We're programmed to live and then die and some aspects of aging are caused by the combined effect of many genes that are beneficial when young. But they have adverse effects at older ages.
Science, technology, engineering, and medicine have brought wonderful improvements in our lives. We have greater longevity and lower infant mortality thanks to plentiful food, clean water, affordable energy, antibiotics, vaccines, and more.
We've beaten back numerous infectious diseases. But in doing so we have created an environment much different than that which we evolved to survive. Genes that helped us survive in our evolutionary past, when lifespans were much shorter, may predispose us to chronic disease in old age. But it can go both ways, natural selection linked to modernization might also reduce the burden of some chronic diseases, according to a new paper.
We are programmed to live and then die and some aspects of aging are caused by the combined effect of many genes that are beneficial when young, but have adverse effects at older ages. Genes can influence a variety of traits and can also express themselves differently as we age (pleiotropy). The term antagonistic pleiotropy describes genes that can carry both beneficial and detrimental effects. Somewhat counter-intuitively evolution by natural selection can lead to antagonistic pleiotropy spreading in populations: The benefits received when young can outweigh the evolutionary disadvantages in old age. Some variants of the gene BRCA1 are, for example, beneficial to fertility. However, women who carry one of such variants of BRCA1 will – more likely than not – develop breast cancer by the age of 90.

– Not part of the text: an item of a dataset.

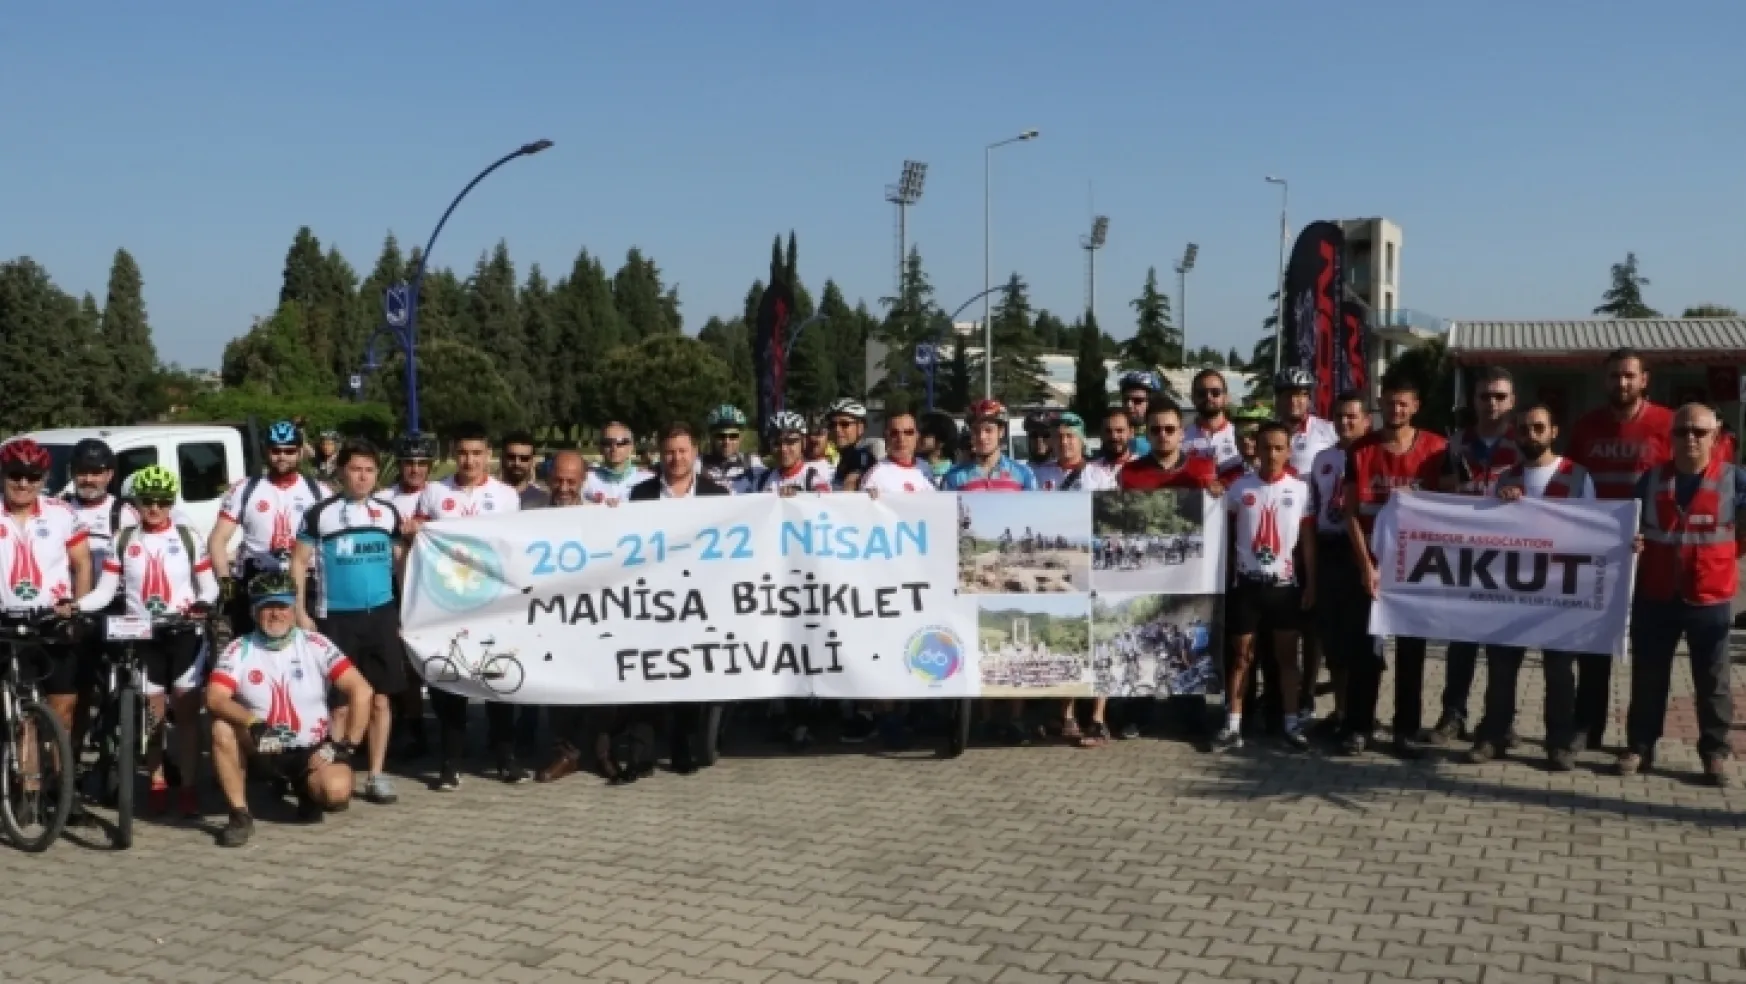 isiklet Festivali, Manisa Botanik Park'ından başladı
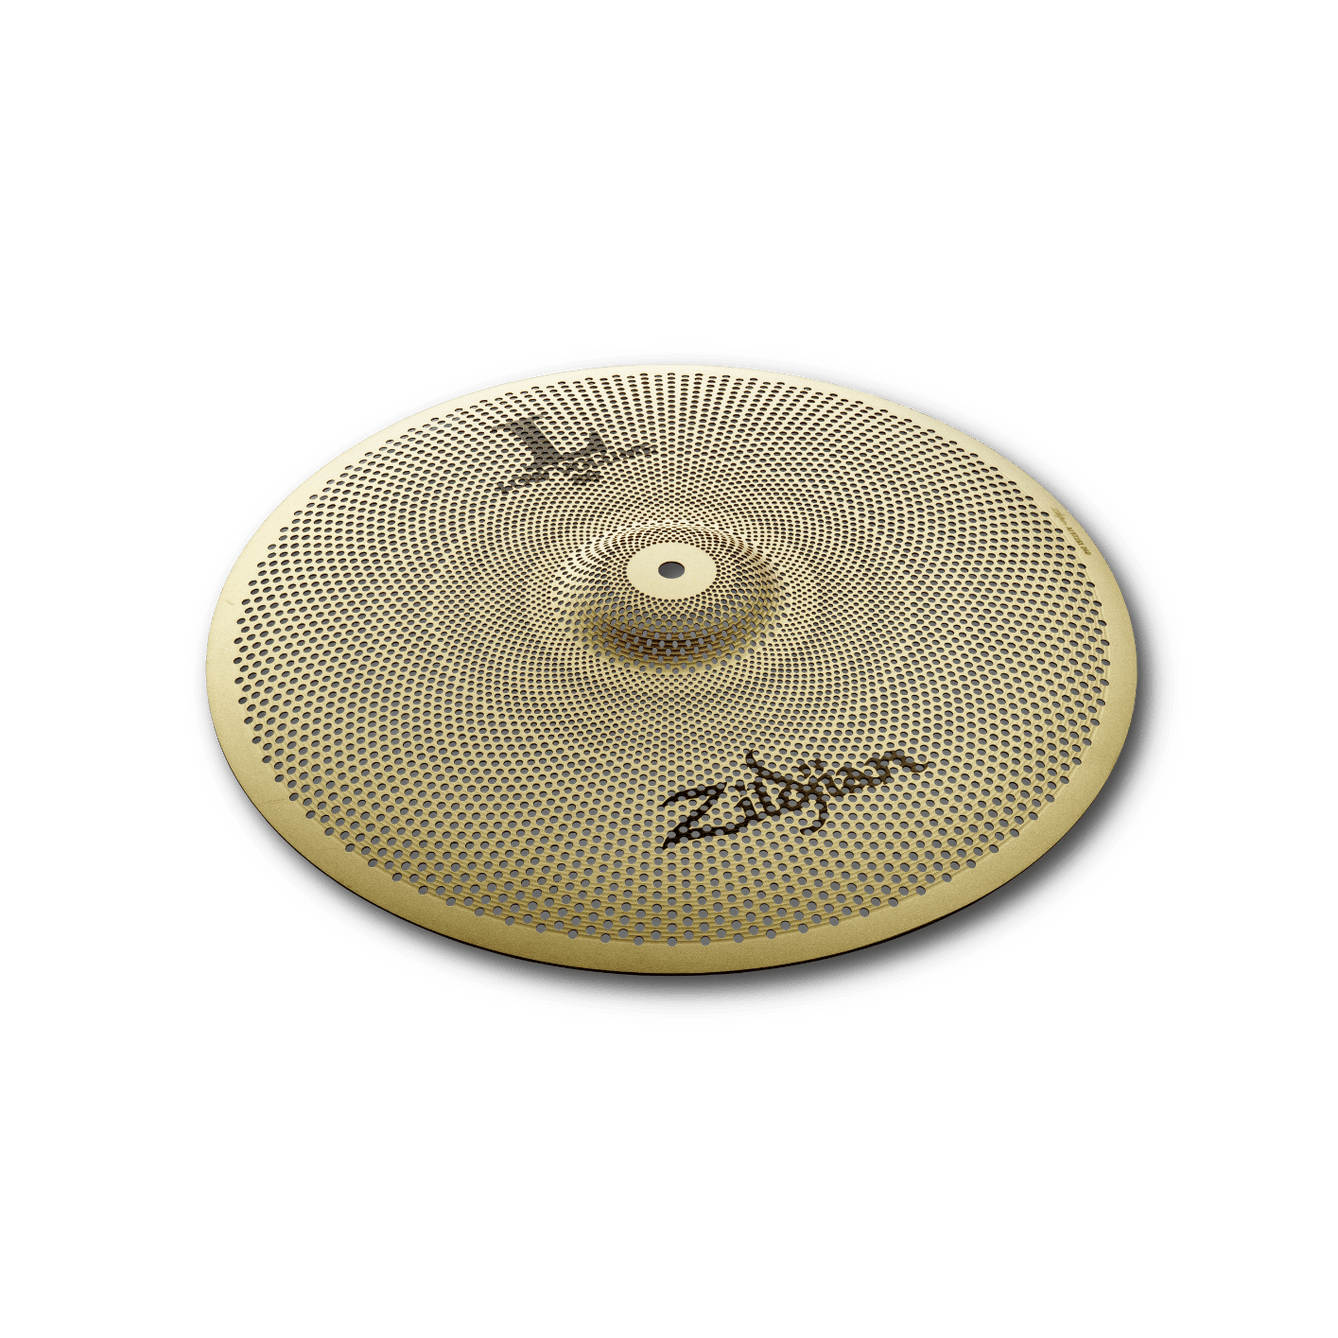 Crash/Ride Cymbal Zildjian L80 Low Volume-Mai Nguyên Music

“It is clear that some mutations that benefit fertility have been favored by natural selection despite heavy costs in old age. It seems likely that these genes have contributed to the rise in chronic disease in modern societies, but it’s still uncertain if these genes are the main cause of that increase or just a minor contributing factor,” says Jacob Moorad, from the University of Edinburgh.
In contrast, the evolutionary impact of contemporary life on human health is difficult to establish: evolutionary change often requires many generations to leave an unambiguous trace in our genome. The review found “suggestive but not yet overwhelming” evidence that natural selection, the engine of evolution, is changing course in our modern times. Several studies in pre- and post-industrial populations point, for example, to a selection toward an extended fertility period in women.
So while bad nutrition in childhood can cause, for example, stunted growth, the environment also shapes natural selection. Natural selection can make some genes more – and others less – frequent in the population over time: Lactose-intolerance in adults, for example. It’s tempting to point to natural selection when we observe a particular change. However, particularly when the changes occurred recently, it is more likely that gene expression has changed, rather than that the genes themselves have adapted to a new environment.
Citation: Corbett S, Courtiol A, Lummaa V, Moorad J, Stearns S (2018), 'The transition to modernity and chronic disease: mismatch and natural selection', Nature Reviews Genetics, doi:10.1038/s41576-018-0012-3.